Some quesetions about ocrd-train

34 views

Skip to first unread message

unread,

Jun 4, 2020, 1:40:45 AM6/4/20

to tesseract-ocr

Hello,everyone:

Currently I use the "https://github.com/tesseract-ocr/tesstrain " project for training my own dataset.

I use this command,

make unicharset lists training MODEL_NAME=foo TESSDATA=./tessdata_best GROUND_TRUTH_DIR=./data/foo-ground-truth PSM=7

I encounter one error that tell me loss of the "radical-stroke.txt" file,so I put the /langdata_lstm/radical-stroke.txt into the data folder and try

run the command again.I seems okay at this moment.
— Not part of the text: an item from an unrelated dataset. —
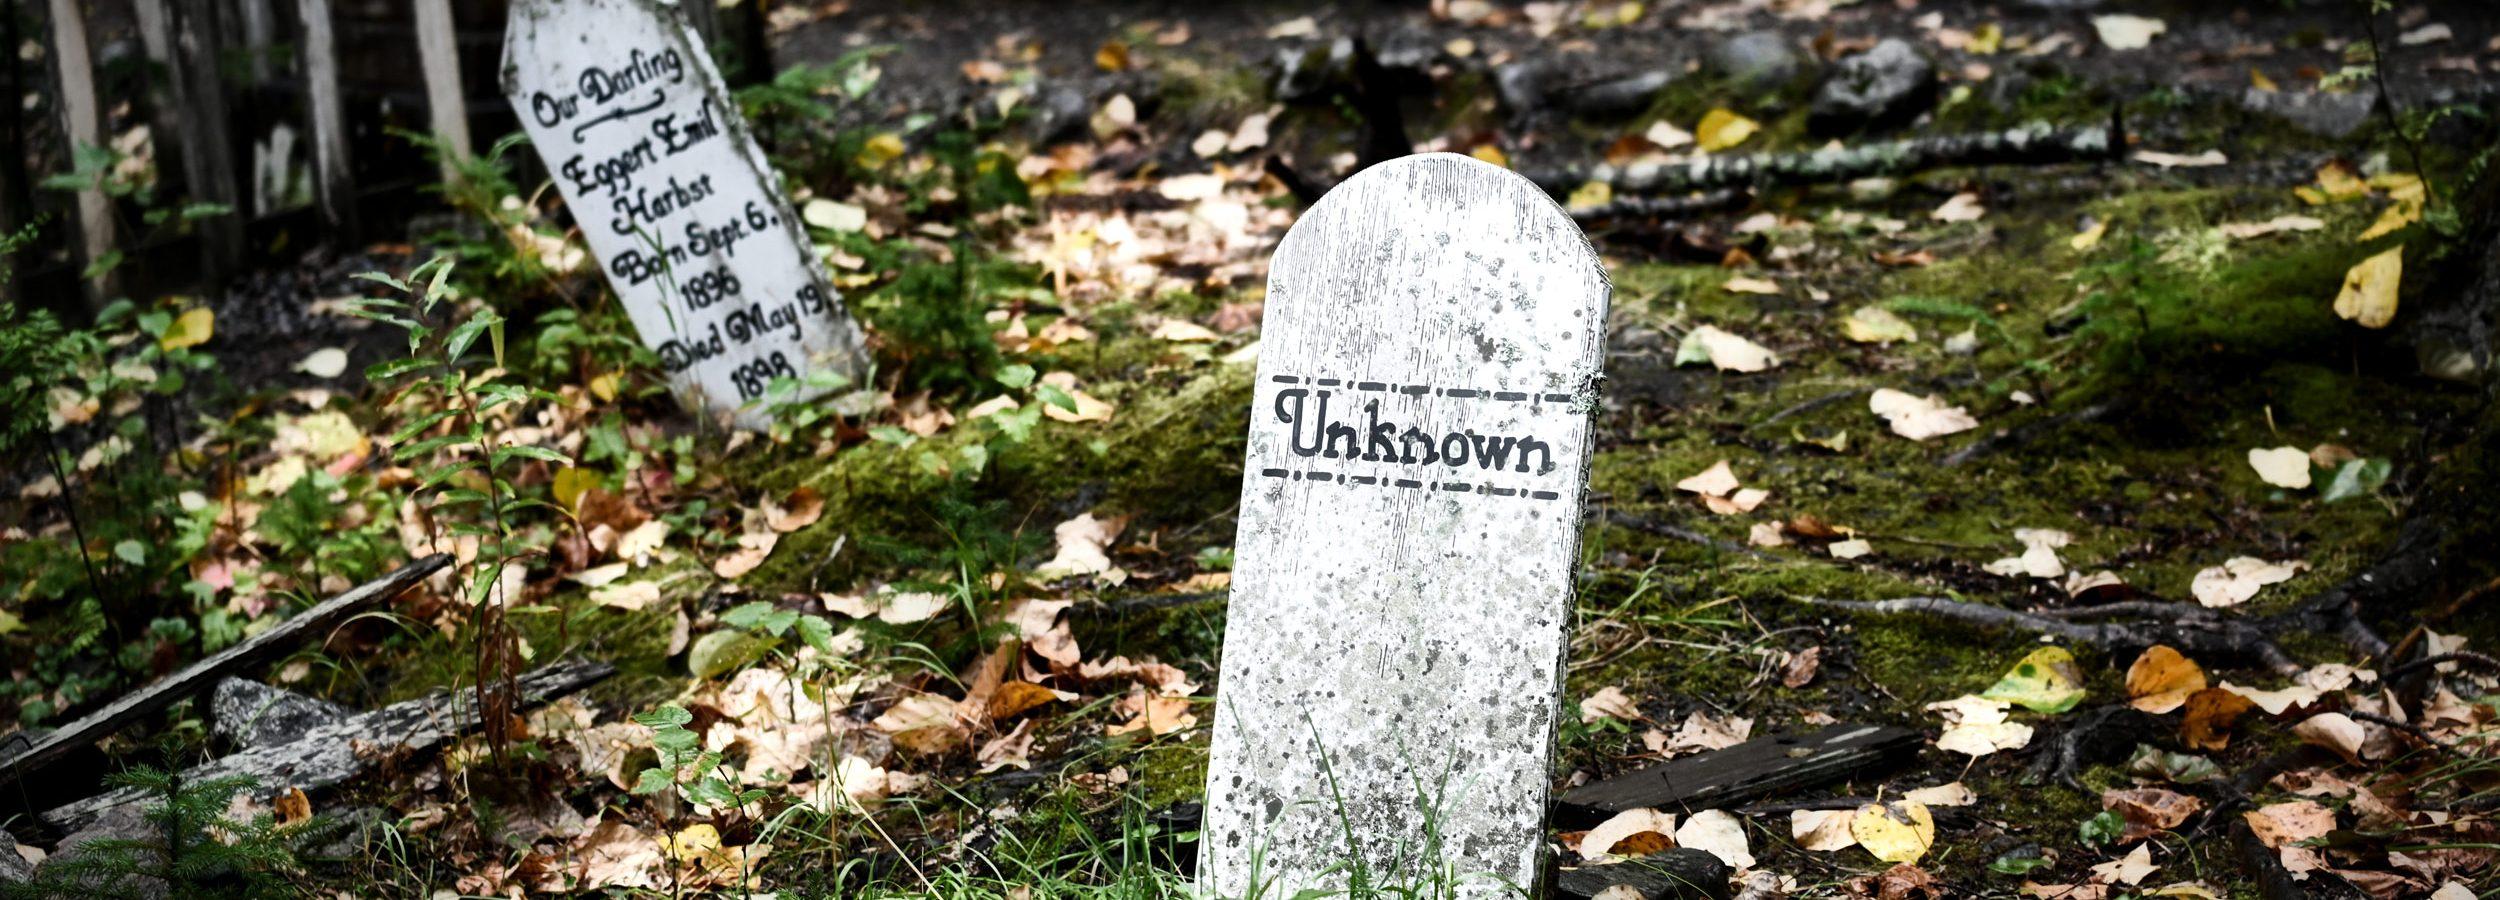 Cmentarz Poszukiwaczy Złota, Alaska, Skagway - Gold Rush Cemetery

But I still have some questions:

1.What does "radical-stroke.txt" used for?I can see it contains five digital each lines like this

19886 3 23 6 3

19737 13 10 20 6

19736 17 7 0 6

19735 7 3 16 6

19734 6 4 16 6

19733 6 16 9 6

19732 20 16 16 6

19731 6 12 7 6

19618 4 20 3 6

19575 7 0 16 19

19617 16 6 20 6

19616 16 6 3 9

19615 16 6 16 1

19619 7 0 16 19

18870 20 16 21 7

18871 20 22 22 5

18843 20 16 21 7

18847 20 22 22 5

18822 16 7 7 2

18821 16 20 3 10

18819 16 0 5 9

18818 16 24 13 13

18813 16 13 19 24

18810 16 0 7 19

18759 16 24 13 13

What is the digital meaning?

2. Is my command right?

Thanks in advance.

unread,

Jun 4, 2020, 12:23:35 PM6/4/20

to tesseract-ocr

radical-stroke.txt is used only for CJK languages, but tesseract checks for it during training process, so you need to make it available.